= John Morton (MP for Newcastle-upon-Tyne) =

English politician

John Morton was an English politician and merchant who sat as MP for Newcastle-upon-Tyne in 1393 and 1395.

== Biography ==
John Morton was appointed collector of pontage in Newcastle-upon-Tyne in May 1379. From 1380, he was a leading exporter of wool, hides and cloth. In February 1390, he received a royal licence to ship seven lasts of hides to Sandwich, Great Yarmouth. In 1395, one of his ships was wrongly detained at Great Yarmouth. Morton took the case to the court of Chancery, and the customs officer, Roger Drayton, was eventually forced to pay 20 marks in compensation, though the dispute lasted at least two more years.
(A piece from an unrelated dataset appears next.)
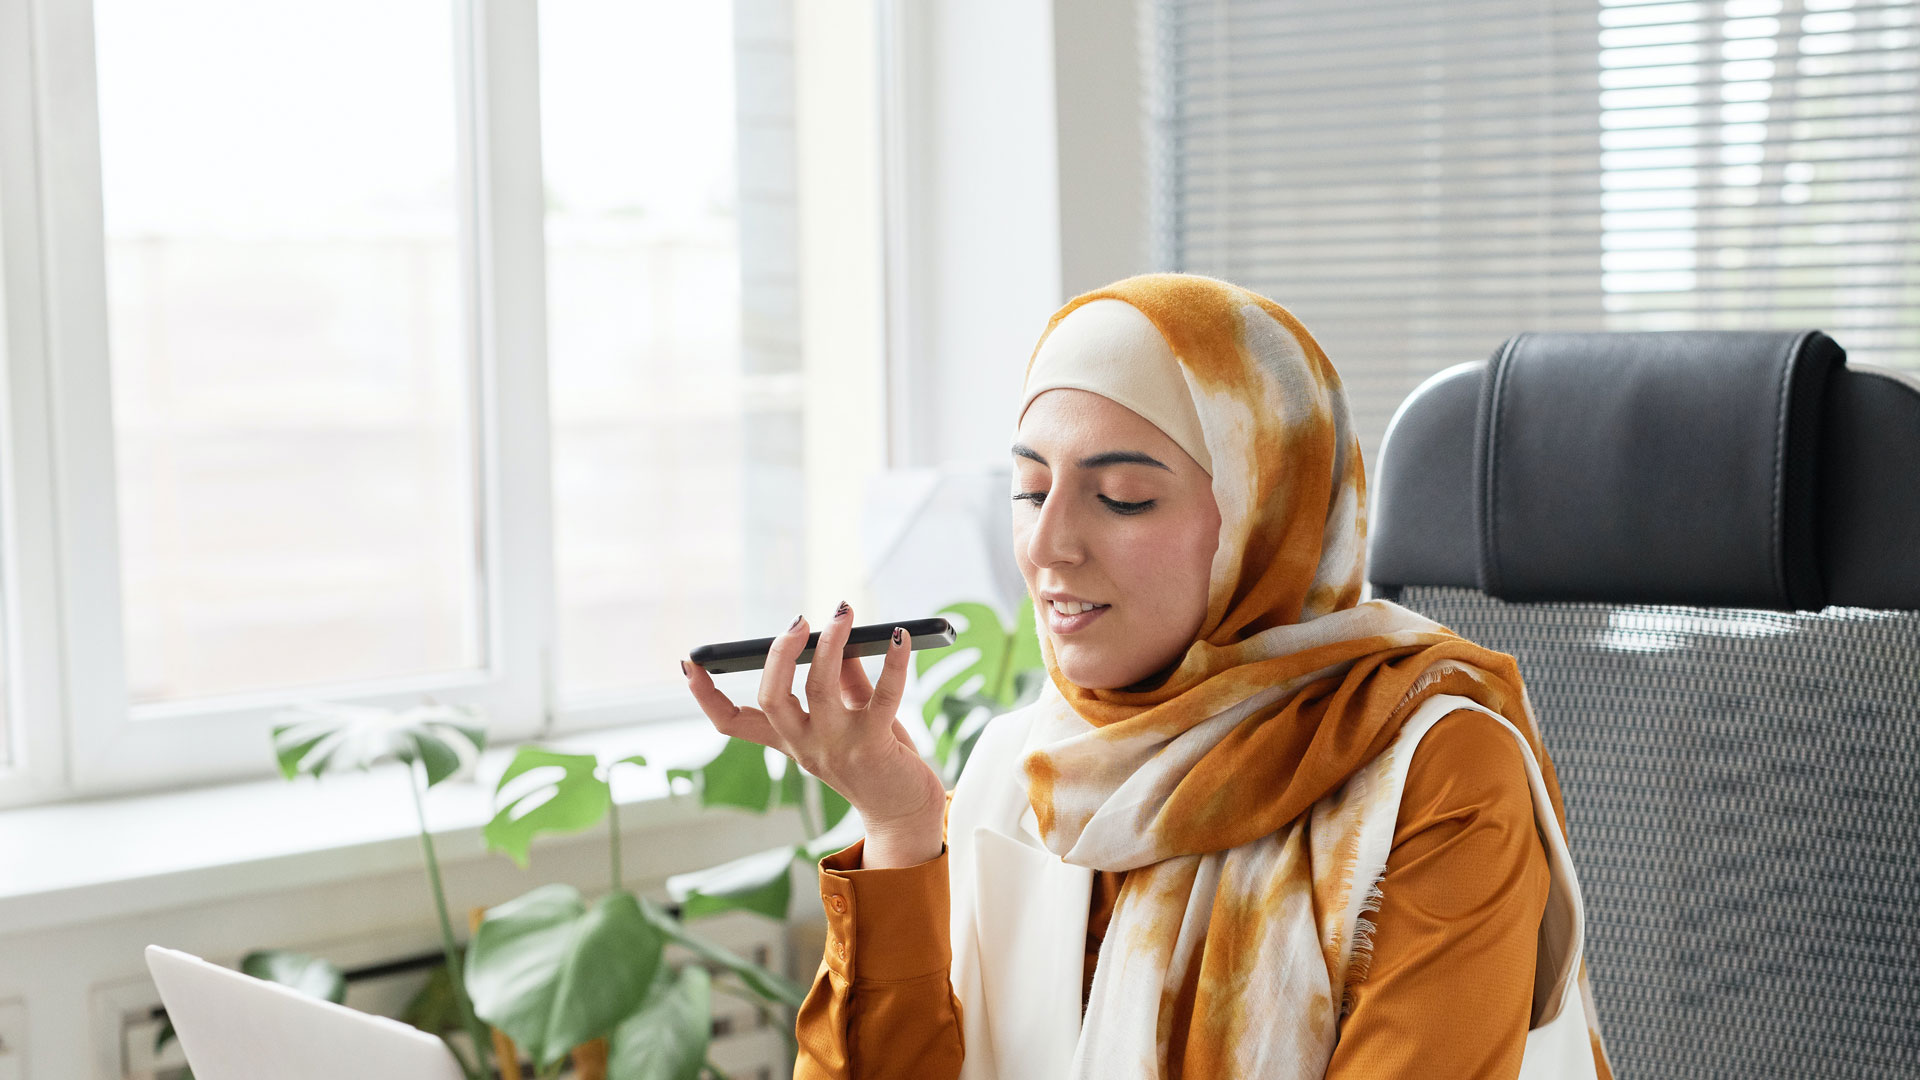 A woman wearing an orange hijab is on speakerphone
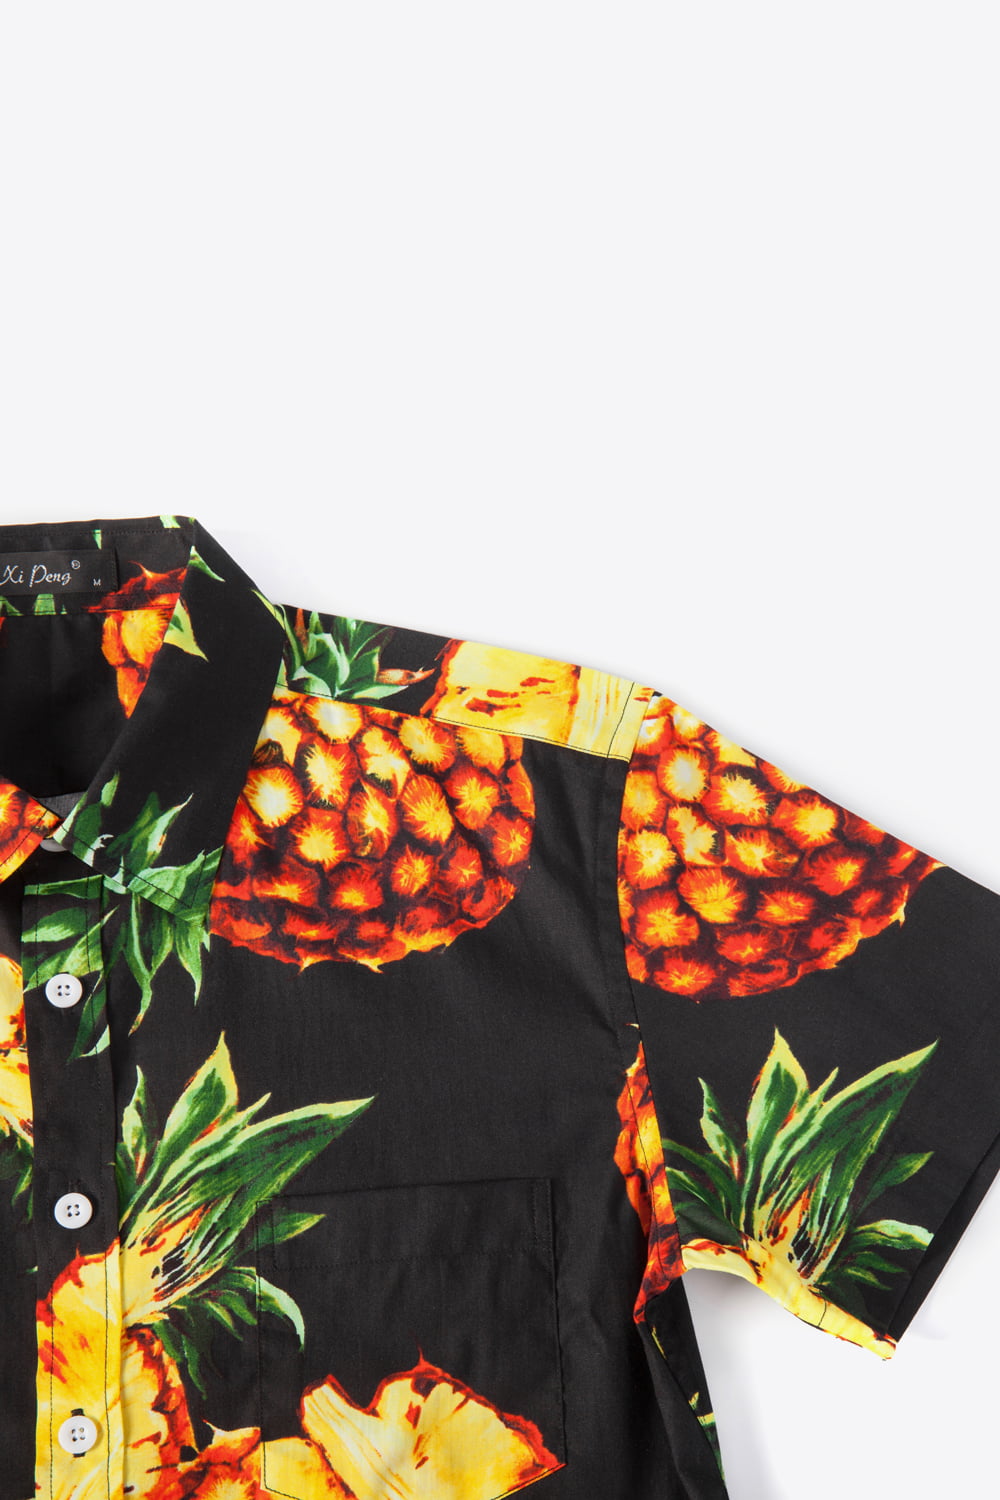 Pineapple Print Collared Short Sleeve Beach Shirt

Morton’s last major commercial venture was unsuccessful. In June 1408, he and other Newcastle merchants were allowed to export 600 sarplers of wool to friendly foreign ports. This wool had originally been bought in 1400 by local merchants who hoped to avoid the Calais Staple and get better prices. However, the Staplers pressured the government, and the wool remained unsold and rotted on the quays. Morton and his partners feared further problems and claimed the 1408 licence was unclear, so they did not ship the wool. New letters were issued in November 1408, but Morton was not named in them and may have withdrawn from the plan.